I was still baby-faced, couldn’t grow a beard, girlish dark brown hair down to my shoulders, thin and wiry, habitually dressed in overalls, no shirt. I was young, dumb and full of Kerouac. Intrepid. Invincible. Seeking. Ready at all times to put Hell Yes and Why Not into action.
Oh yeah — and there was the dog. Porter’s dog, named in memory of the dearly departed Grateful Dead keyboard and harmonica player Ron McKernan, AKA Pig Pen.
Pig Pen the man was a bit of a role model for Porter, being a not-so-attractive person who nevertheless had enough charm for the saucy Janis Joplin. Porter himself was not conventionally handsome and had been, you might say, unlucky in love. He stood around five-foot-four and carried a wrestler’s physique, but what you noticed — what you couldn’t forget — was his nearly albino complexion, combined with the long, straight, bright orange hair that hung all the way to the belt loops of his ink-stained Levis.
Pig Pen the dog was a sweet and sometimes skittish Australian Shepherd mix, sorta rusty blond with white patches, who really didn’t deserve to be named after a legendary, albeit lovable, slob. He liked to sleep in the back of the bus, close to the warm rattle of the VW engine. And he could run like the prairie wind.
I’m pretty sure we brought food for the dog.
We drove that bus for 15 hours, stopping only for gas and so the three of us could pee.
Well, truthfully, Porter drove and I studied the road atlas (now there’s an anachronism for ya), played harmonica, managed the eight-track tape deck, and read aloud from Fear and Loathing. Pig Pen slept in the back, running happily through his dreams.

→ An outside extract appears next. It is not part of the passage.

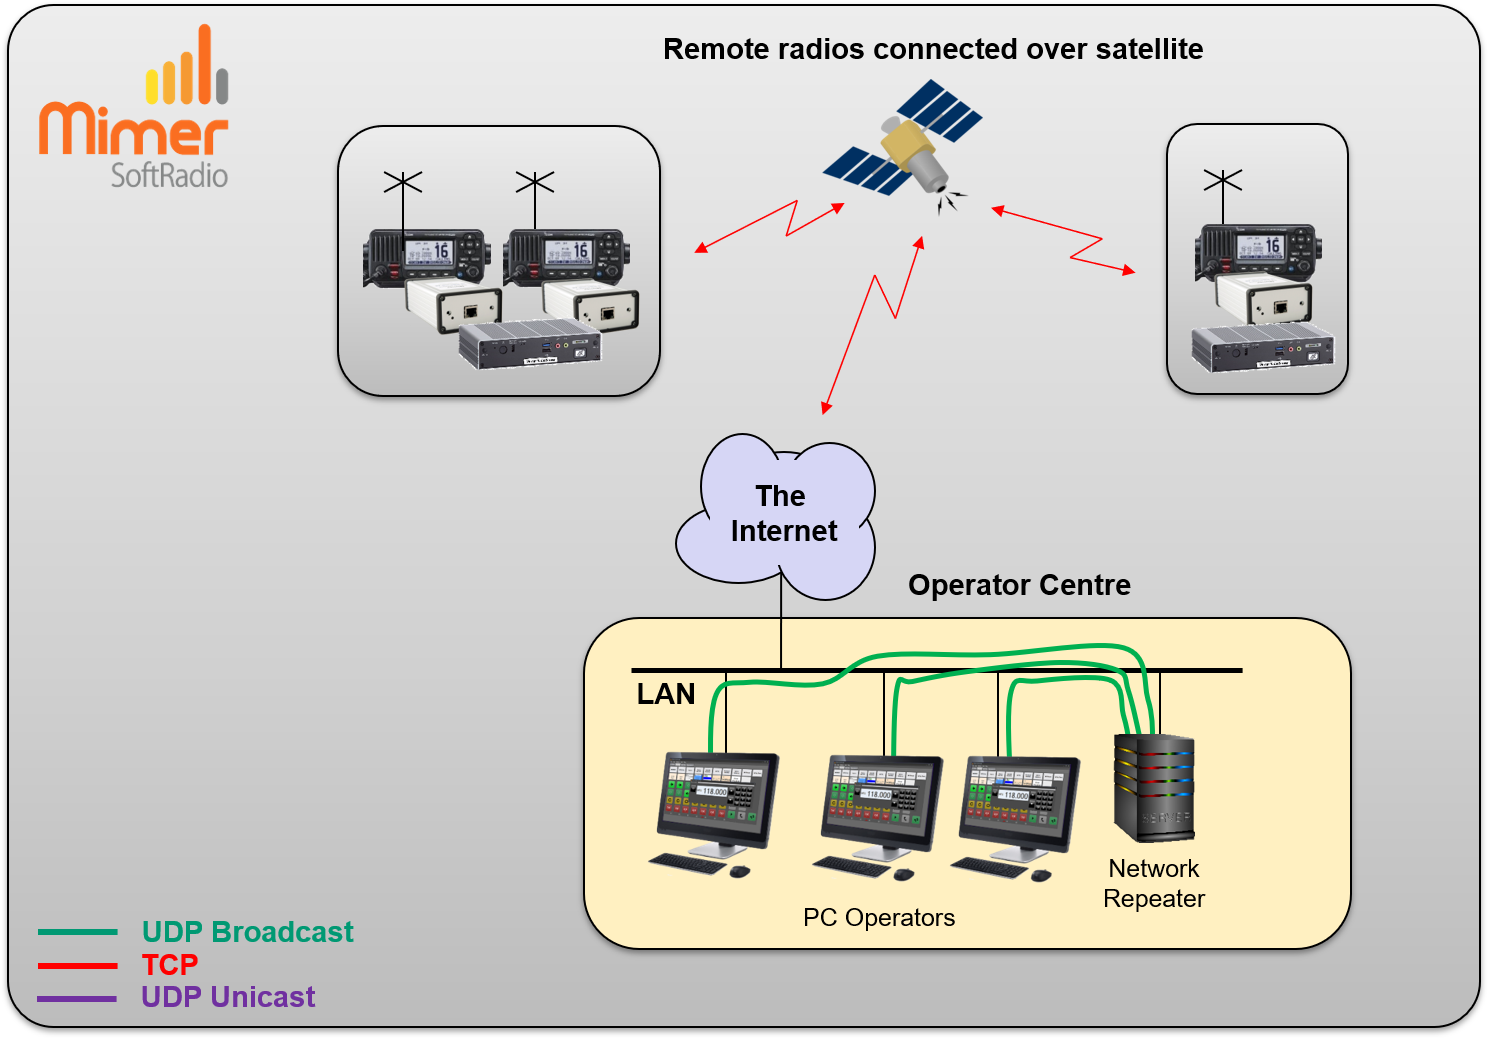 NetworkRepeater connects with UDP Multicast to all operators in the same LAN

Our first landing was a tourist bar just barely into Montana, in the little town of West Yellowstone, where it is said the men are men and the sheep are nervous, and where the dominant architectural theme is Mid-Twentieth-Century Pseudo Pioneer Cabin.
In the great state of Montana at the time, the legal drinking age was 18 and Porter, considerate friend that he was, wanted to introduce me to the pleasures of a beverage or three in the friendly confines of a roadside drinking establishment — without the imminent threat of incarceration.
We arrived around 10pm at the Elkhorn Bar or the Buffalo Saloon or the Itchy Bear Inn or something like that. We made fast friends with a guy named Dusty or Slim or Ranger or something like that, a bushy-bearded troubadour who looked like a younger version of Lee Marvin in Paint Your Wagon, and who happened to be the hired entertainment. I jammed harmonica with a few of his tunes and Porter handed him one of those black capsules, and the management had to shoo us out the door around 3am, still speed-talking and raggedly singing John Prine songs.
Porter, Pig Pen and I woke up late morning on the thinly carpeted floor of the one-room Pseudo Pioneer Cabin that Dusty Slim Ranger had been provided as a perk of his employment. We said our goodbyes, loaded into the dirt-colored bus and headed for Yellowstone — the park not the town.
Yellowstone the park is the original national park, signed into law by President Ulysses S. Grant in 1872, about a hundred years before we showed up to sit on a bench and slurp hangover beers among the Mom and Pop tourists who were faithfully (and soberly) waiting, with their Kodak Instamatic cameras around their necks, for Old Faithful to do its geyserly best.
What I remember most about Yellowstone Park is the bubbling ground.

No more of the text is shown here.